*DATA EXTRACT:*
+ + + + +
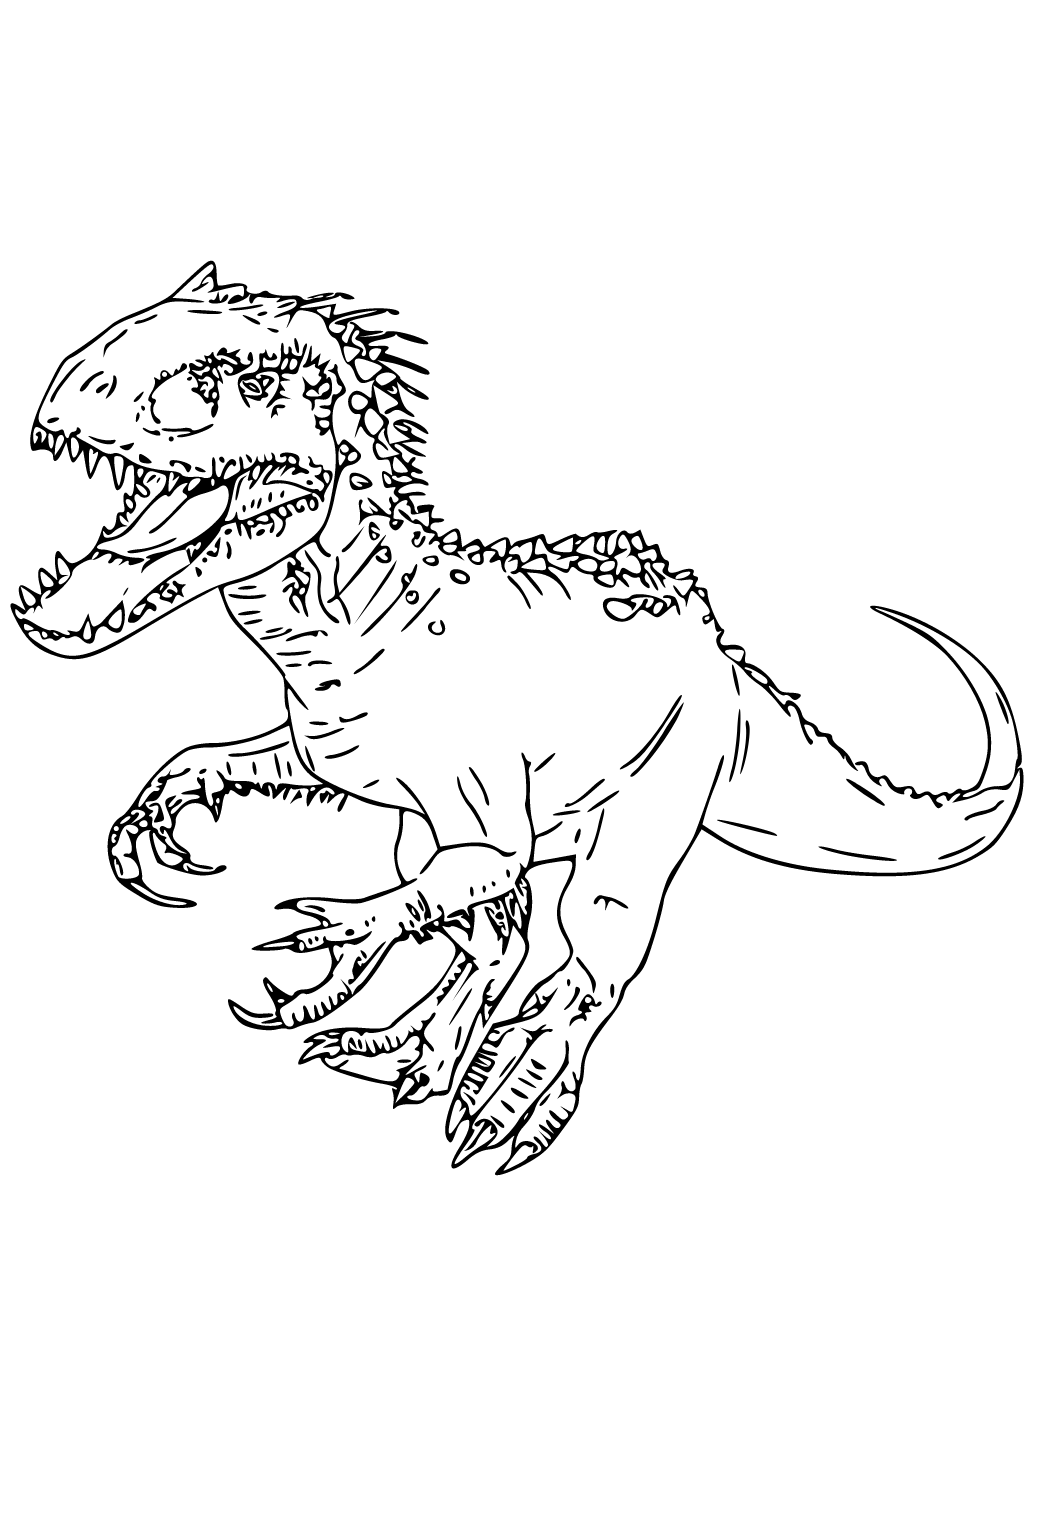 Dibujo e Imagen Jurassic World Dinosaurio para Colorear y Imprimir Gratis  para Adultos, Niñas y Niños 
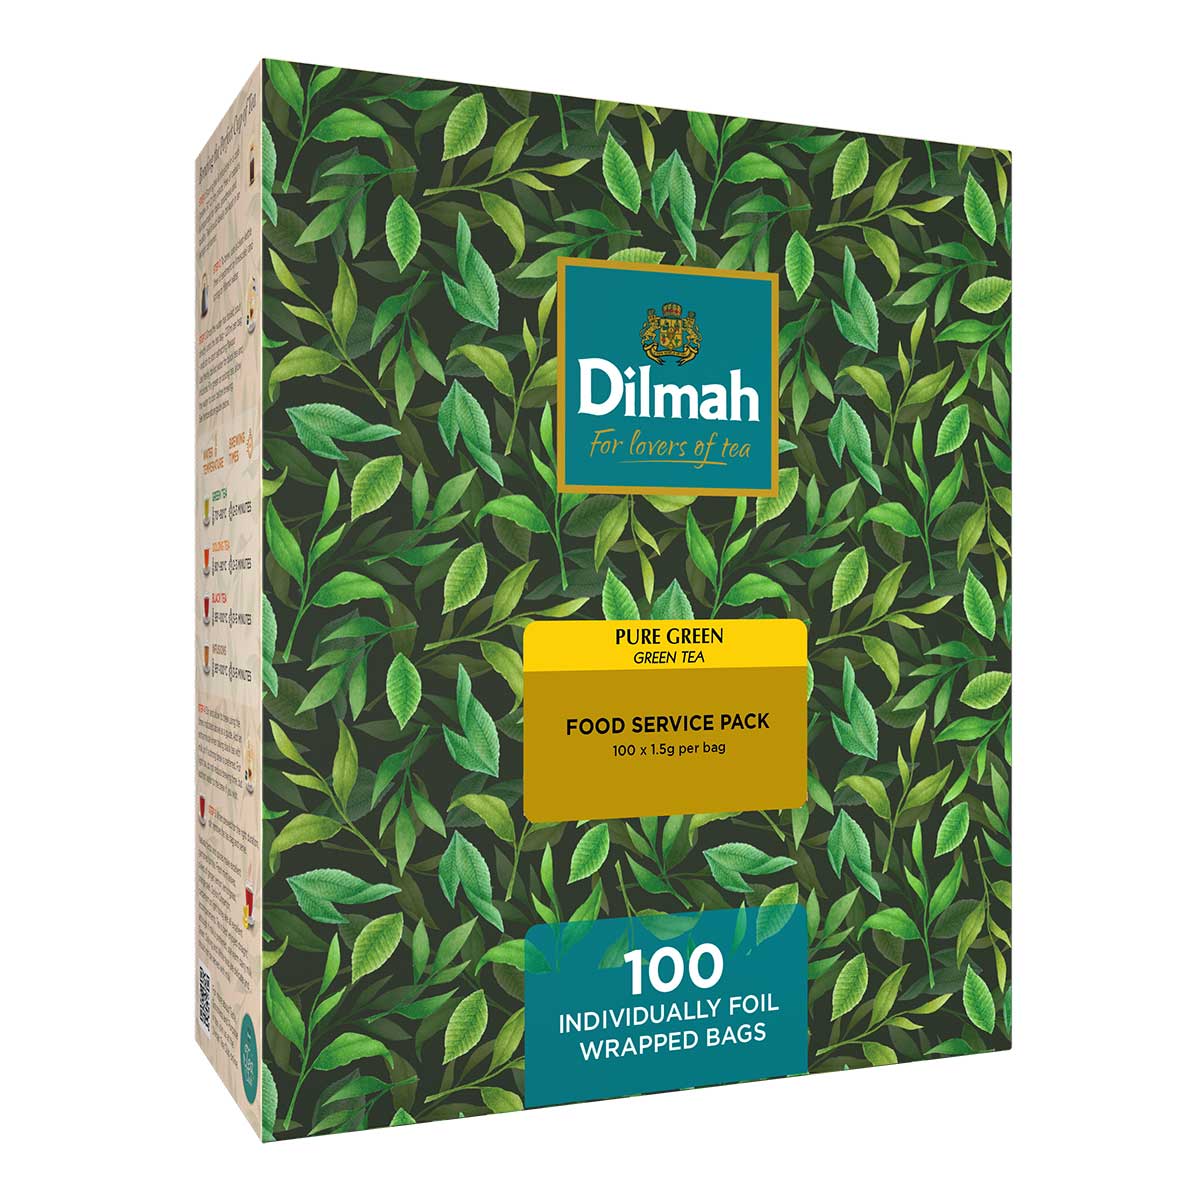 Aannemelijk Maan ik ben gelukkig Dilmah Groene thee | Pure Green Tea | 100 theezakjes – Dilmah Europe
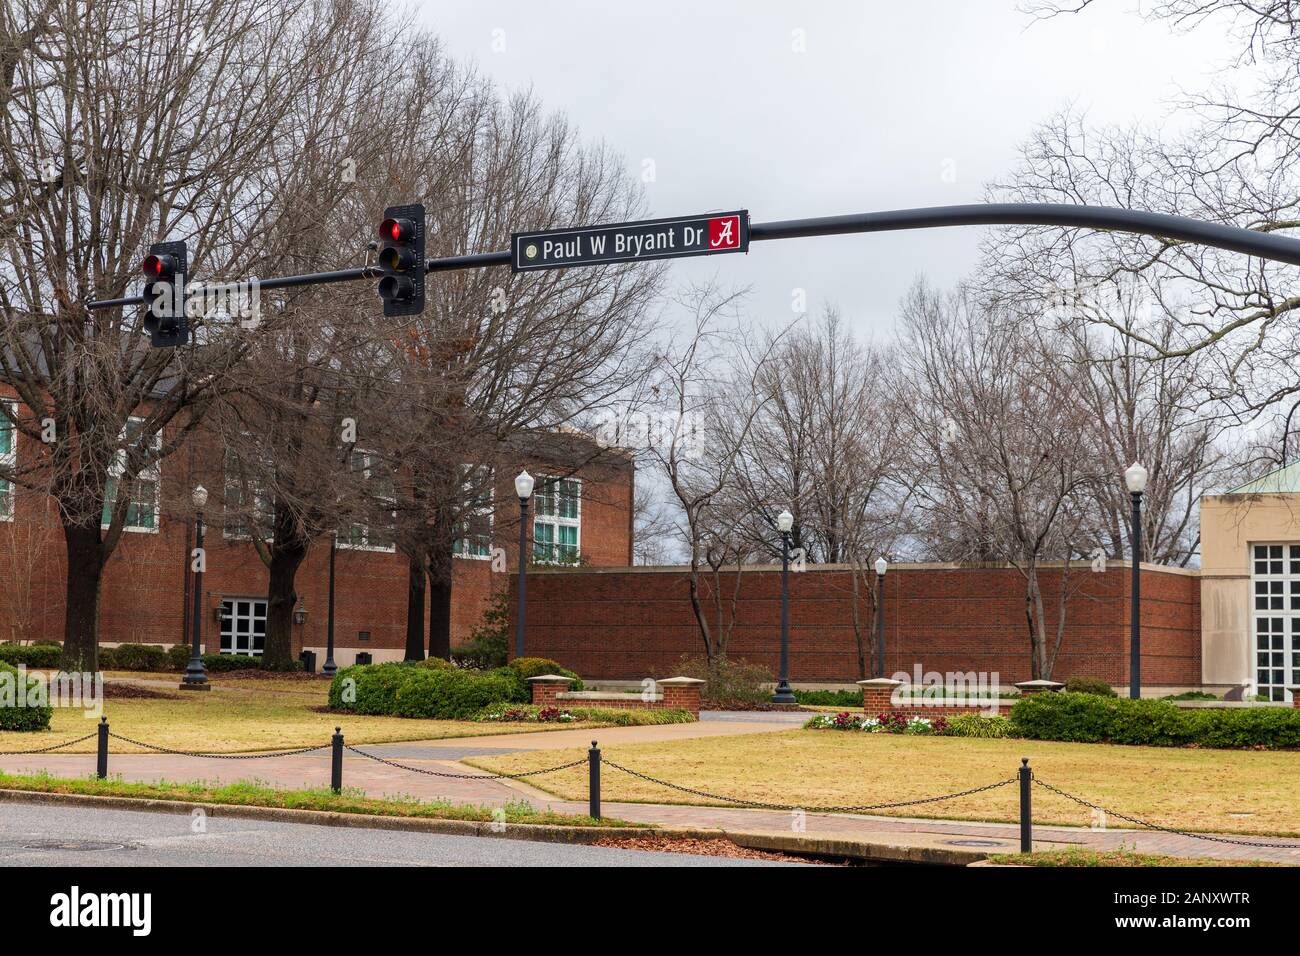 Tuscaloosa, AL / STATI UNITI D'America - 29 dicembre 2019: Paul W Bryant Dr segno sul campus della University of Alabama Foto Stock
+ + + + +
*TASK STATEMENT:*
A verbatim copy of the material is needed; pictures are not to appear in it.

*WRITTEN SOLUTION:*
 Dibujo e Imagen Jurassic World Dinosaurio para Colorear y Imprimir Gratis  para Adultos, Niñas y Niños 
 Aannemelijk Maan ik ben gelukkig Dilmah Groene thee | Pure Green Tea | 100 theezakjes – Dilmah Europe
 Tuscaloosa, AL / STATI UNITI D'America - 29 dicembre 2019: Paul W Bryant Dr segno sul campus della University of Alabama Foto Stock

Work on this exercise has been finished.